TASK DETAILS:
Without the pictures, restate all of the data below word for word.

COLLECTED DATA:
------------------------------------------------------------
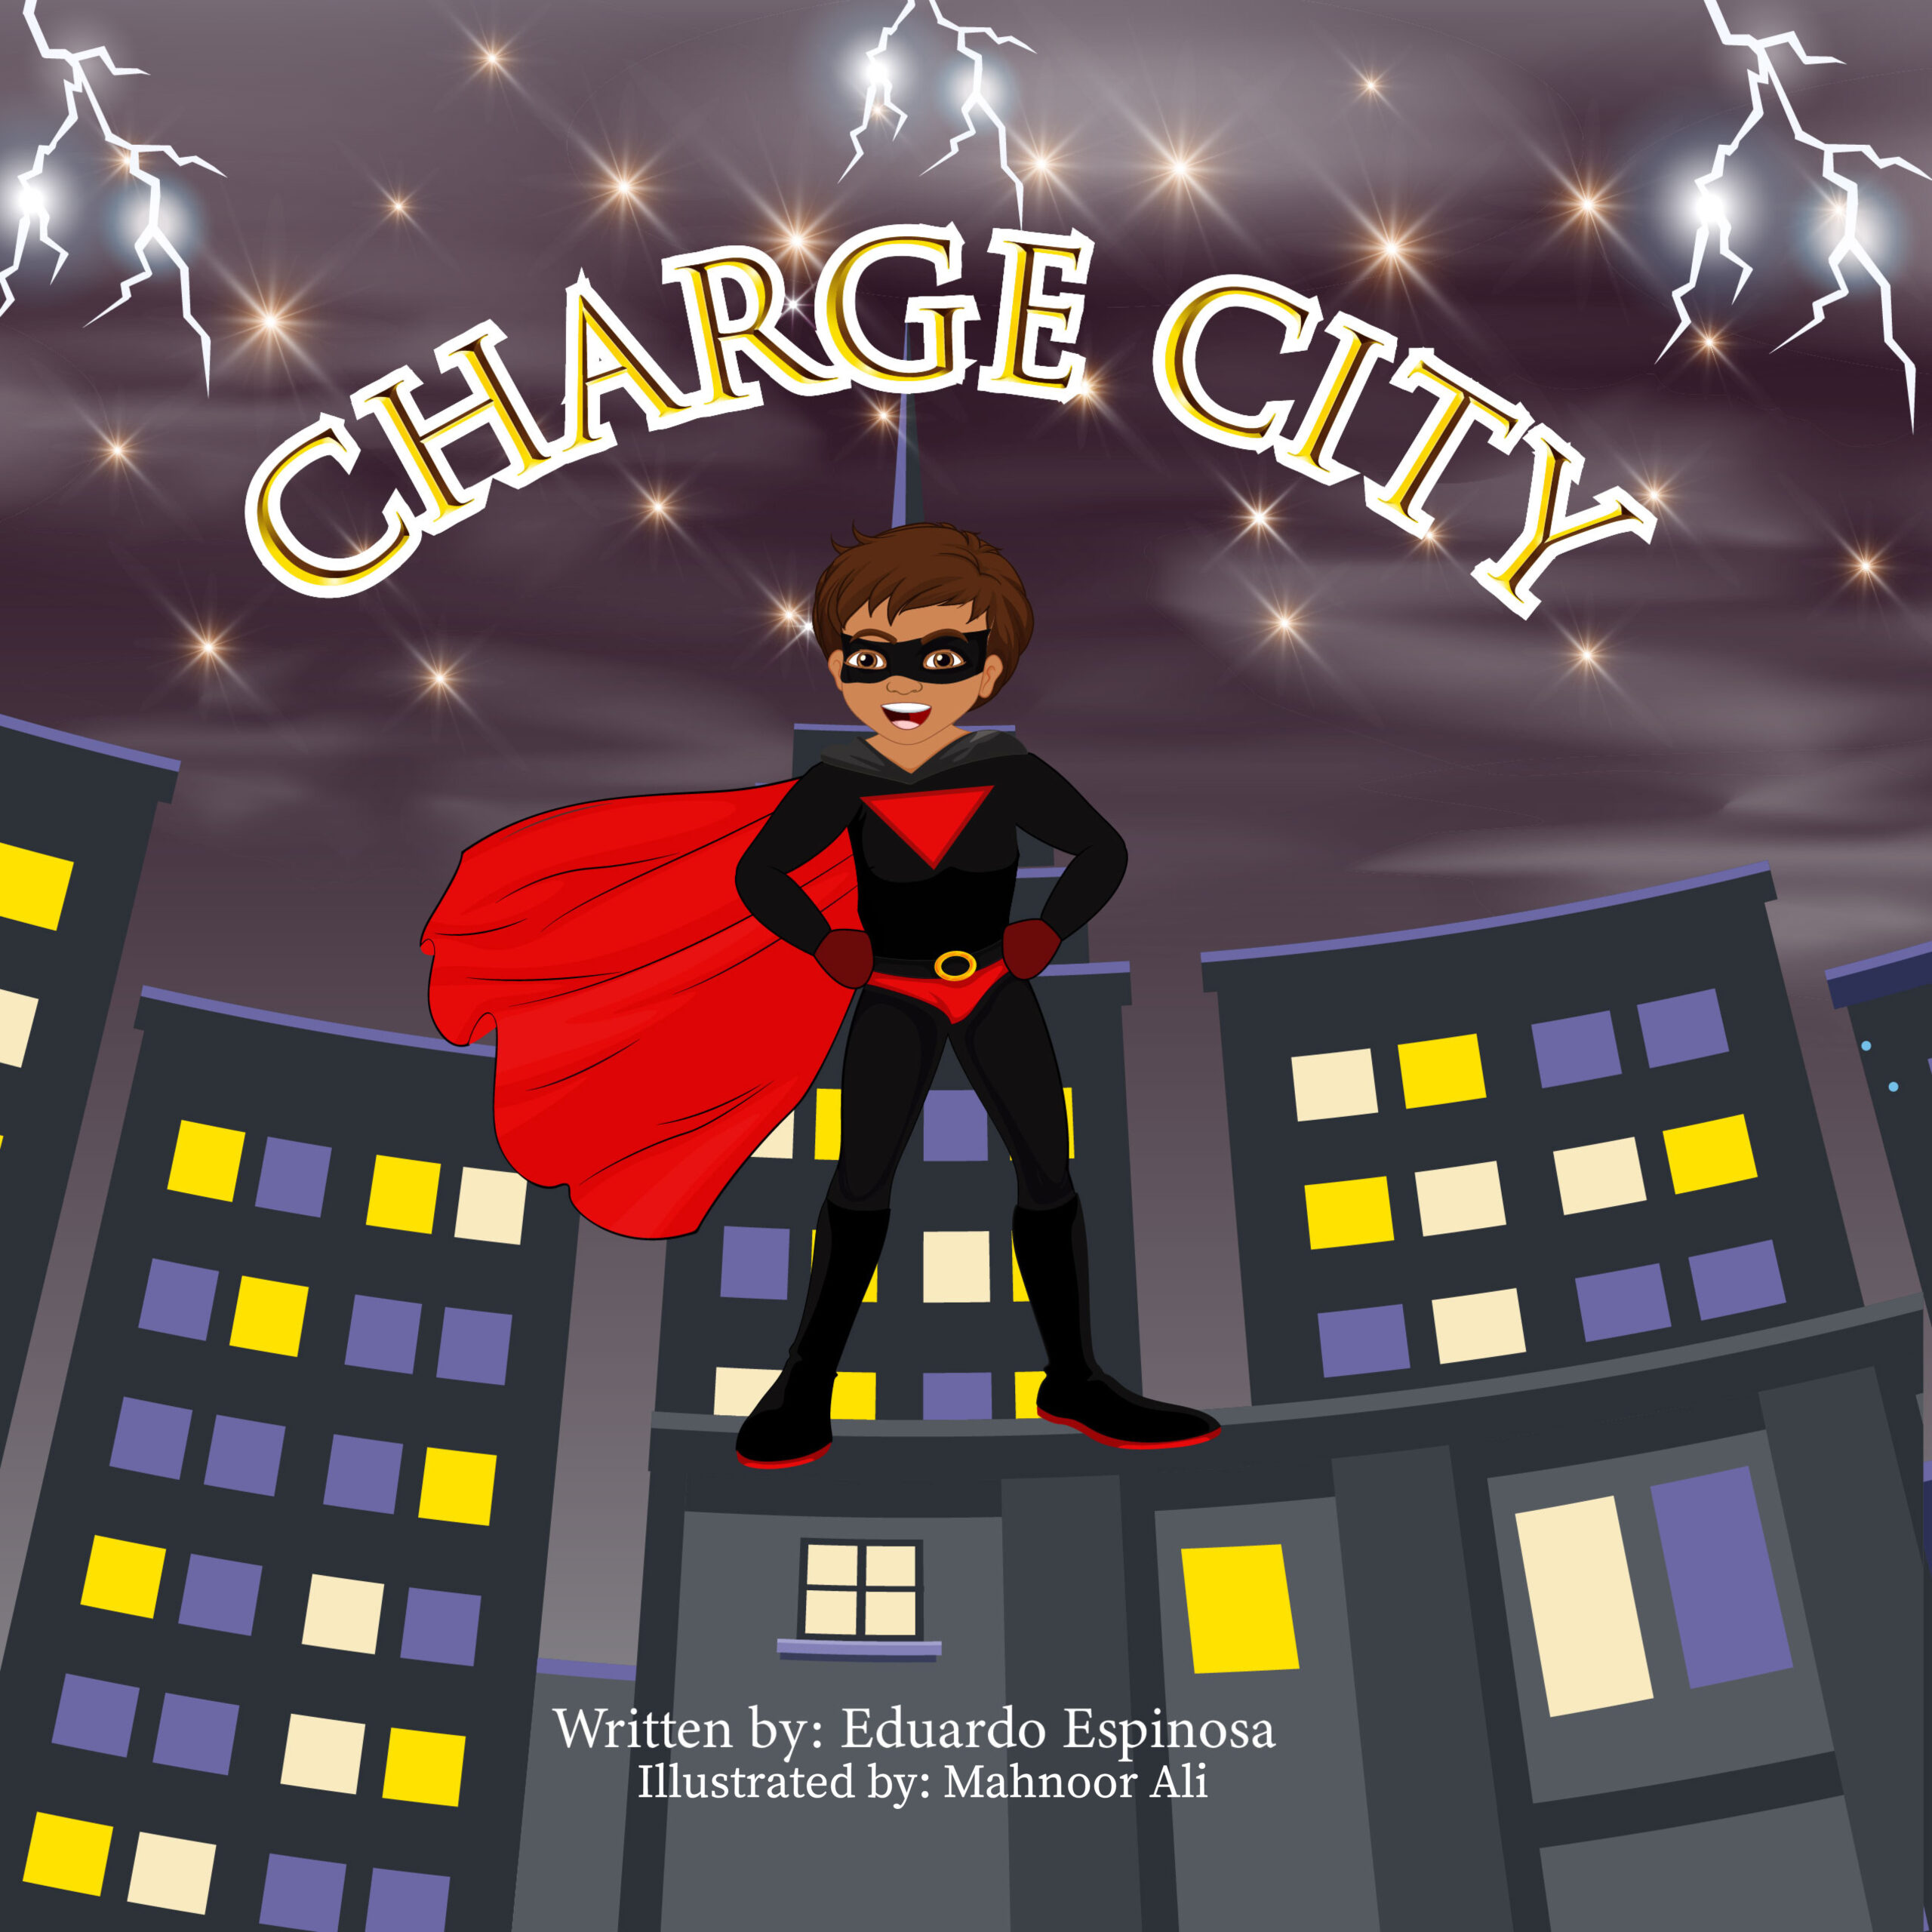 Book Cover for Charge City, written by Eduardo Espinosa and illustrated by Mahnoor Ali. The cover features a superhero dressed in a black and red suit, mask, and cape. He is flying in front of the nighttime city skyline, and stars and lighting light the sky.
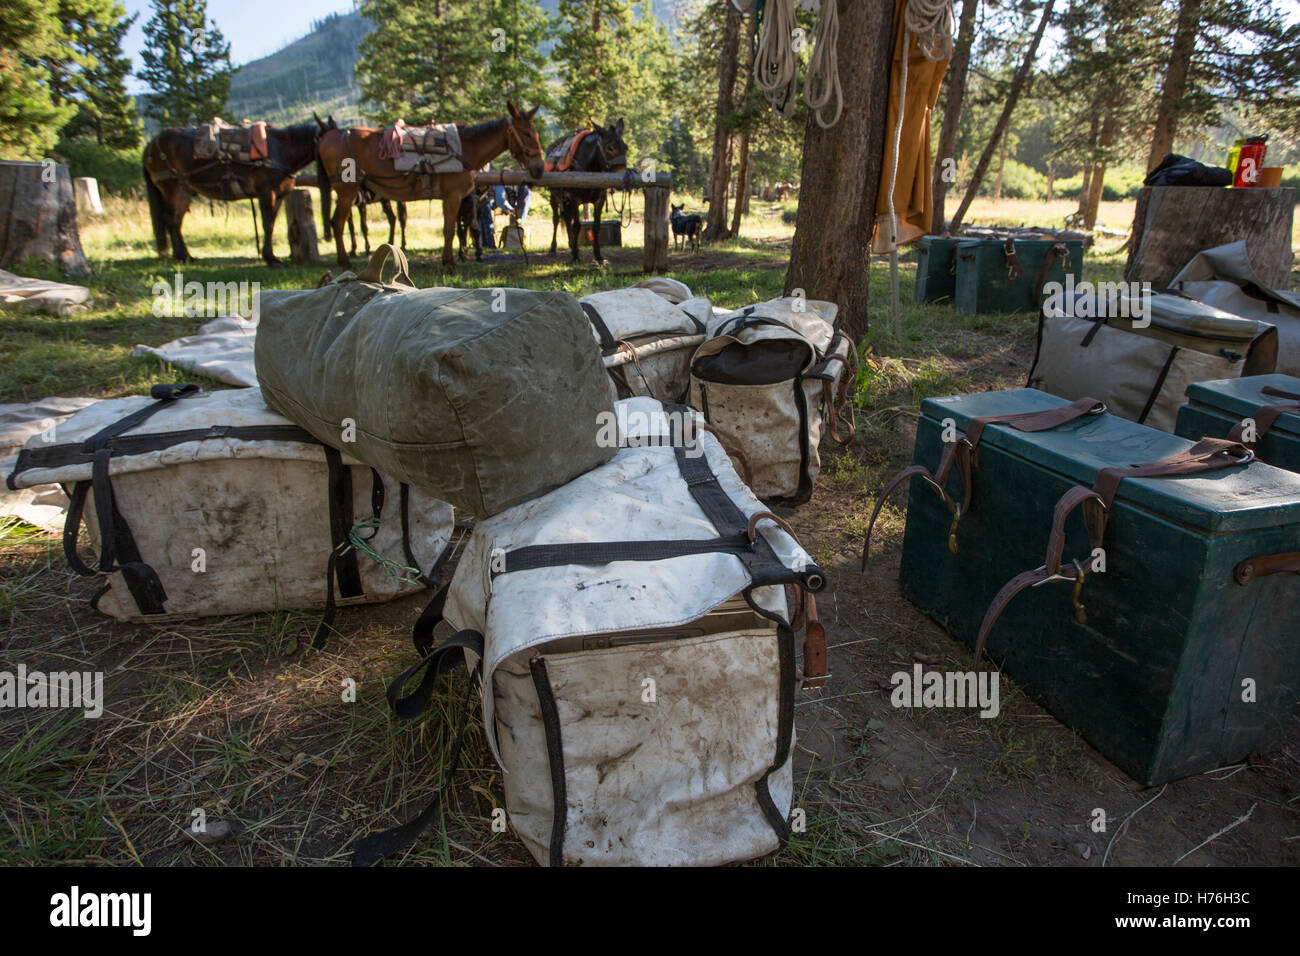 Gerle a backcountry cavallo pack-in camp in Montana, cavalli e muli in background. Foto Stock
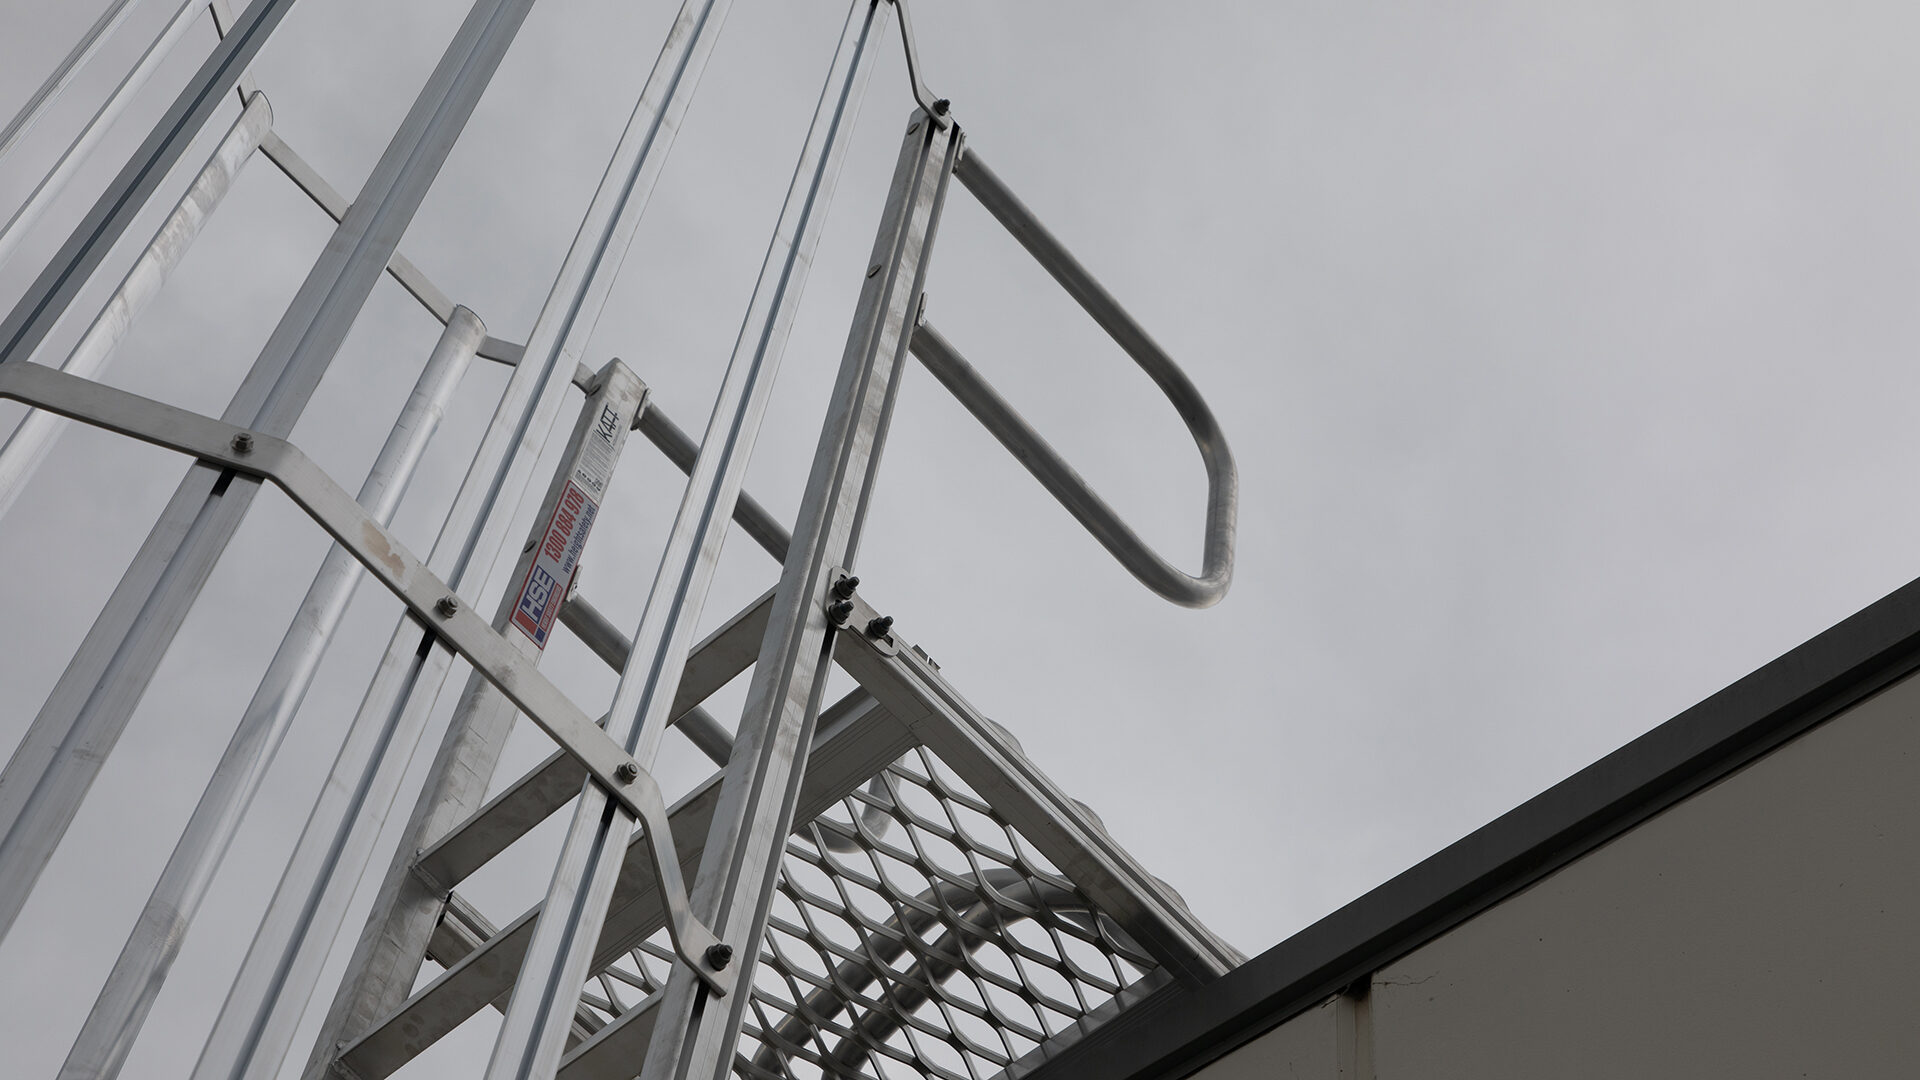 Fixed ladder leading to a landing platform with grab rails.
------------------------------------------------------------
REPLY:
 Book Cover for Charge City, written by Eduardo Espinosa and illustrated by Mahnoor Ali. The cover features a superhero dressed in a black and red suit, mask, and cape. He is flying in front of the nighttime city skyline, and stars and lighting light the sky.
 Gerle a backcountry cavallo pack-in camp in Montana, cavalli e muli in background. Foto Stock
 Fixed ladder leading to a landing platform with grab rails.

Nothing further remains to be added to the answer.